By Scott Shaffer
When Wladimir Klitschko’s representatives informed the New Jersey Board of Athletic Control that they intended to weigh the boxing gloves that Sam Peter will wear into the ring on Saturday night, they were immediately ridiculed in a press release quoting New Jersey Commissioner Larry Hazzard and Grant glove manufacturer Grant Elvis Phillips (who has an advertisement on this website). It is easy to get caught up in the adrenaline of a big fight and trash talking can make one feel macho, but if there is one lesson to be learned from the Leavander Johnson tragedy, it is that there can never be too many safety nets in place to protect boxers. Somewhere back in the 1890s, the first guy who asked to watch his opponent’s hands getting wrapped was probably called a yellow-bellied scoundrel by the local newsboy.

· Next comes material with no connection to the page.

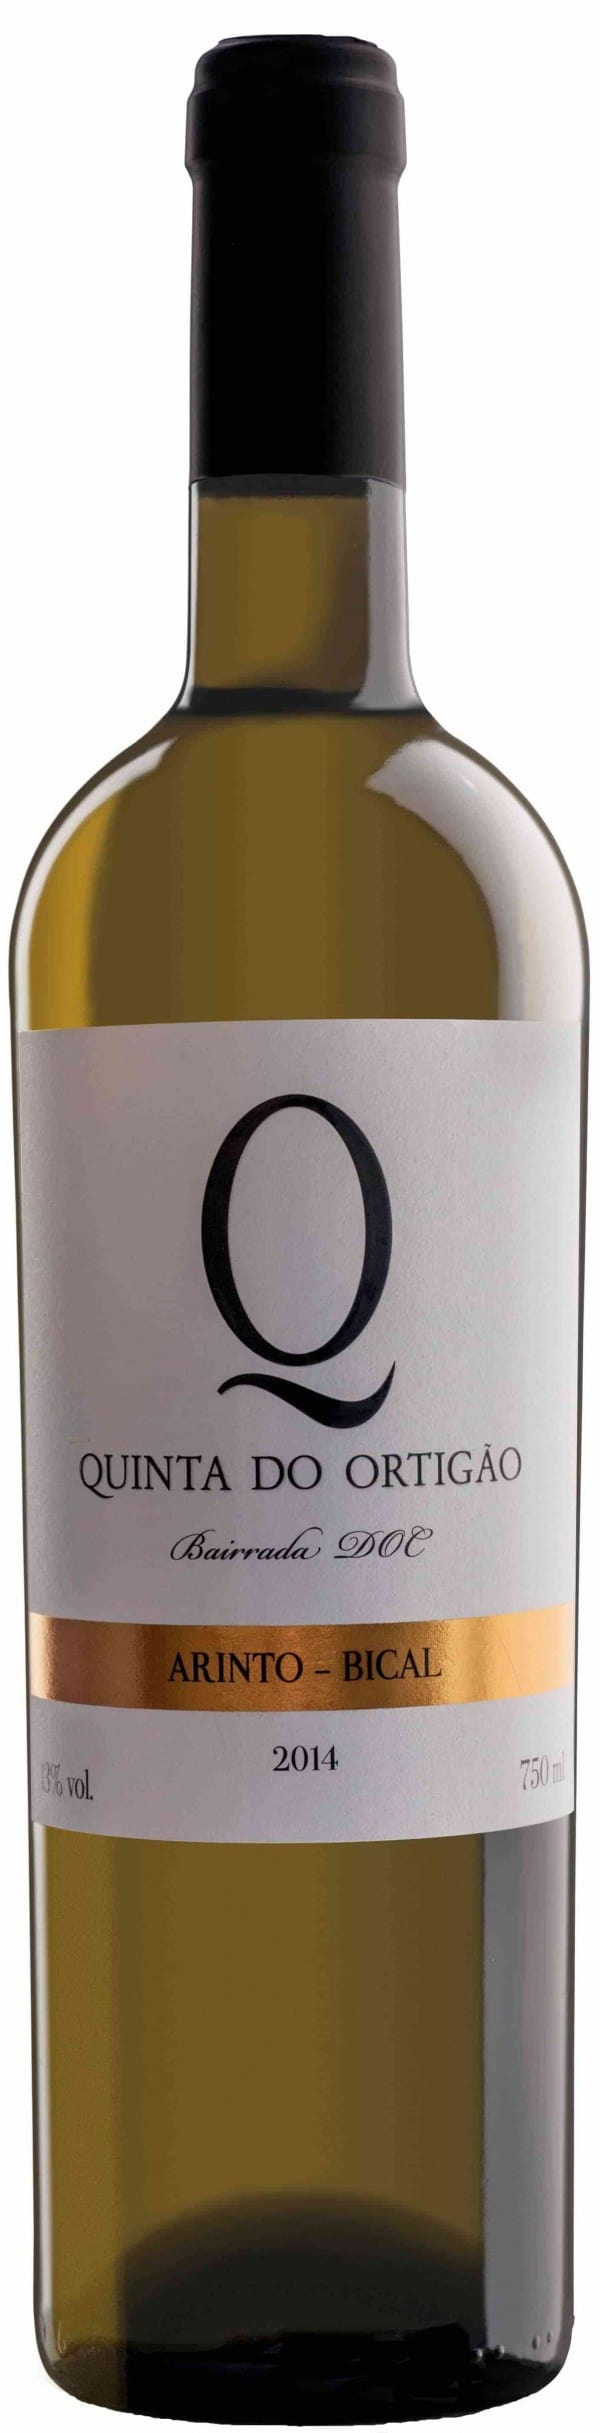 Portugalské víno Quinta do Ortigão Arinto Bical na eshopu vín z Portugalska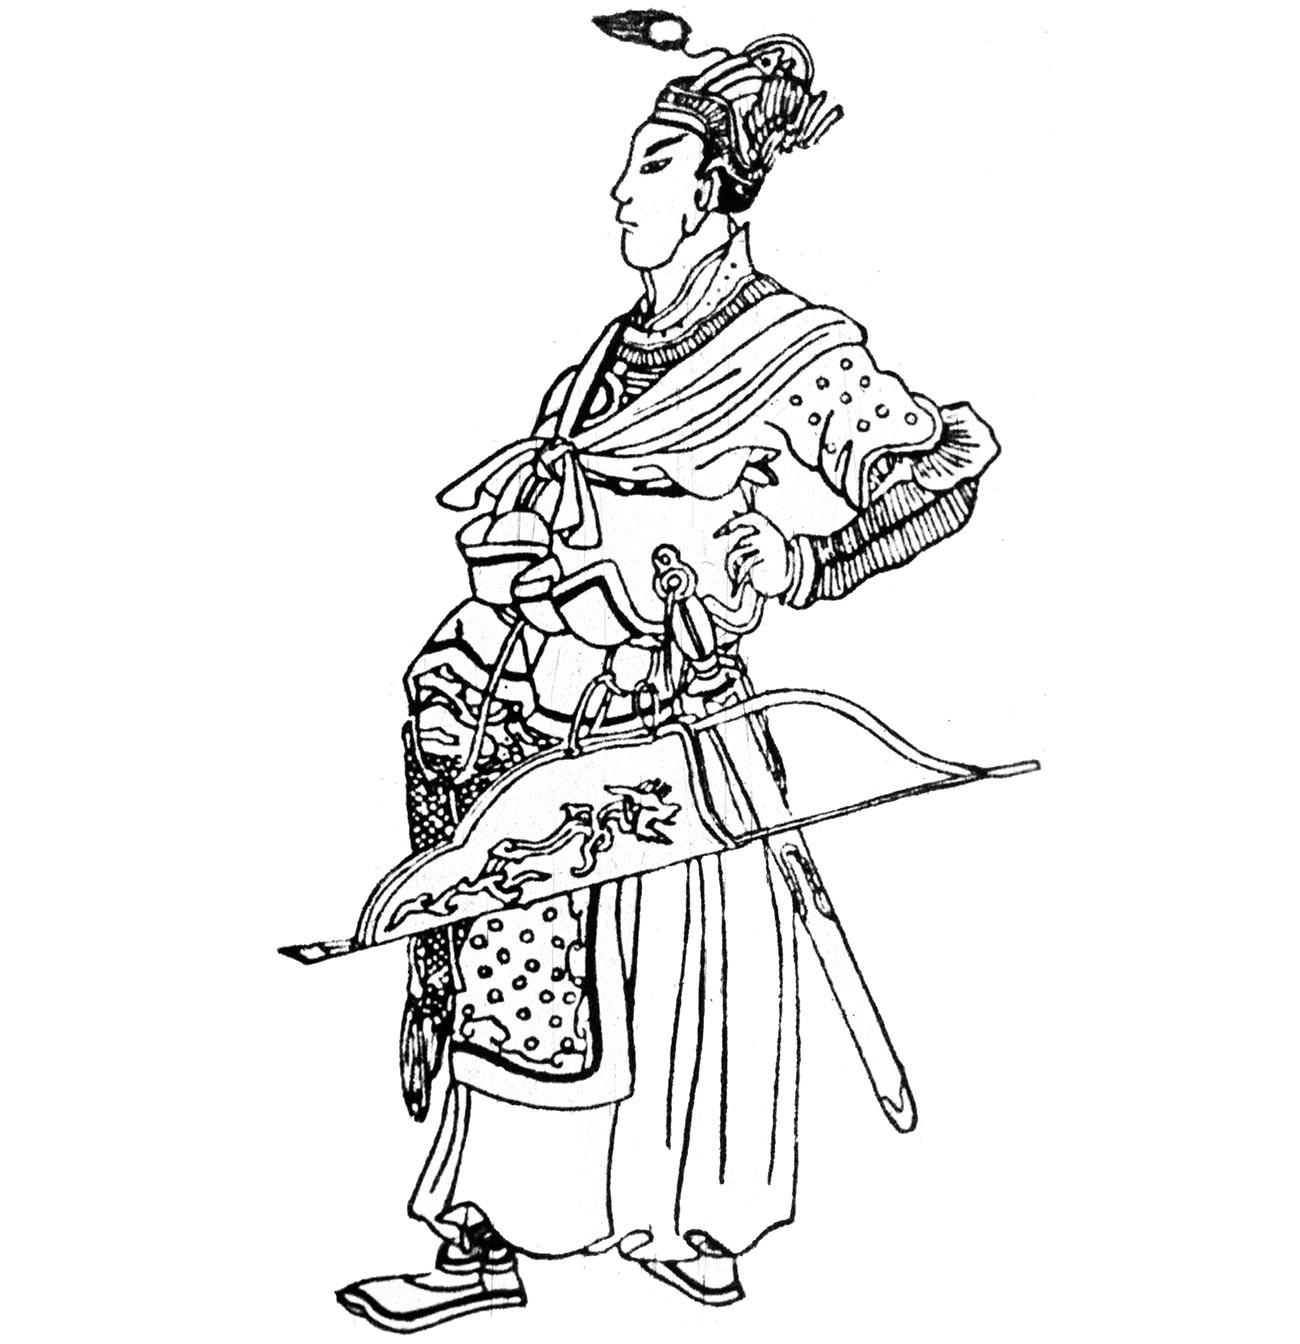 Batu Khan, seperti yang terlihat pada lukisan Cina Abad Pertengahan.

But eventually, it became an accepted part of the sport. Today, newsboys have been replaced by websites where it fashionable for people who don’t take punches to the head for a living to call a boxer names like coward, punk and p*ssy every time that boxer doesn’t live up to someone’s notions of badass.
If Klitschko’s advisors Shelly Finkel and Bernd Bonte want to take extra precautions to protect their fighter, no matter how silly it may seem, let them do it. Every boxer should have that kind of support behind him. To be clear, there is absolutely no evidence of any wrongdoing or even negligence against either Sam Peter's team or Grant Elvis, but any one who says foul play can't happen in this desperate sport has forgotten a painful lesson learned a generation ago. Boxingtalk remembers the tragic tale of Billy Collins, so as we mourn Leavander Johnson and get ready for Klitschko-Peter, let's turn the calendar back 22 years.
Billy Ray Collins, Jr. fought a ten round boxing match against Luis Resto on June 16, 1983, at Madison Square Garden. At the time of the bout, Collins had anunblemished professional record, 13-0. But unbeknownst to Collins, Resto's gloves had been deliberately altered by the removal of the horsehair padding covering Resto's knuckles. Collins took a beating from Resto and his illegal gloves. At the conclusion of the match, the victim's father discovered the cheating when he accidentally felt Resto’s glove, and became aware that the padding had been removed. Although he endured the full ten rounds of punishment, Collins suffered grave head and eye injuries that put an end to a promising career.
Resto was initially declared the winner of the bout, but was subsequently stripped of the victory and his boxing license, after an investigation and hearing by the New York State Athletic Commission. Resto and his trainer/manager, Carlos "Panama" Lewis, were indicted and found guilty of several criminal charges, including conspiracy, tampering with a sports contest, assault and criminal possession of a weapon. Evidence in the criminal trial indicated that there were a number of people in Resto's dressing room prior to the fight, but Resto's trainer was able to accomplish the tampering by taking the gloves into a bathroom adjoining the dressing room.
Collins returned to his home in Tennessee and as a result of his inability to pursue his chosen career, he sank into depression and began drinking heavily and using drugs. On March 7, 1984, after a night of heavy drinking, Collins drove his car off an embankment, thereby ending his life. To this day, boxers still seek out Panama Lewis’ help.
So go ahead, call Wladimir Klitschko every name in the book. A scholar in a gangsta sport, Klitschko doesn’t fit American notions of what a heavyweight should be in this post-Tyson era. His public claims that he might have been poisoned before losing to Lamon Brewster were admittedly ill-advised. And Finkel, recently labeled Dr. Evil by Don King, is certainly no stranger to being accused of misdeeds himself. But before this incident is used to ridicule either Klitschko or Finkel, remember this: in boxing, those who blindly trust their adversaries to abide by the rules wind up getting eaten alive. Ask yourself what was your reaction the last time an American boxer returned from Germany claiming that the locals somehow put something in his eye that cost him his chance to win the bout. Did you wonder if it could be true, or was there the same righteous indignation that followed Klitschko’s request to inspect Peter's gloves?
The story of Billy Collins is a cautionary one. The people making fun of Klitschko and his advisors would do well to track down Billy Collins’ father and ask him if he wished he thought of weighing Resto’s gloves before the fight. If Finkel and Bonte want to make sure beyond a doubt, even an unreasonable doubt, that Peter’s gloves are proper, more power to them.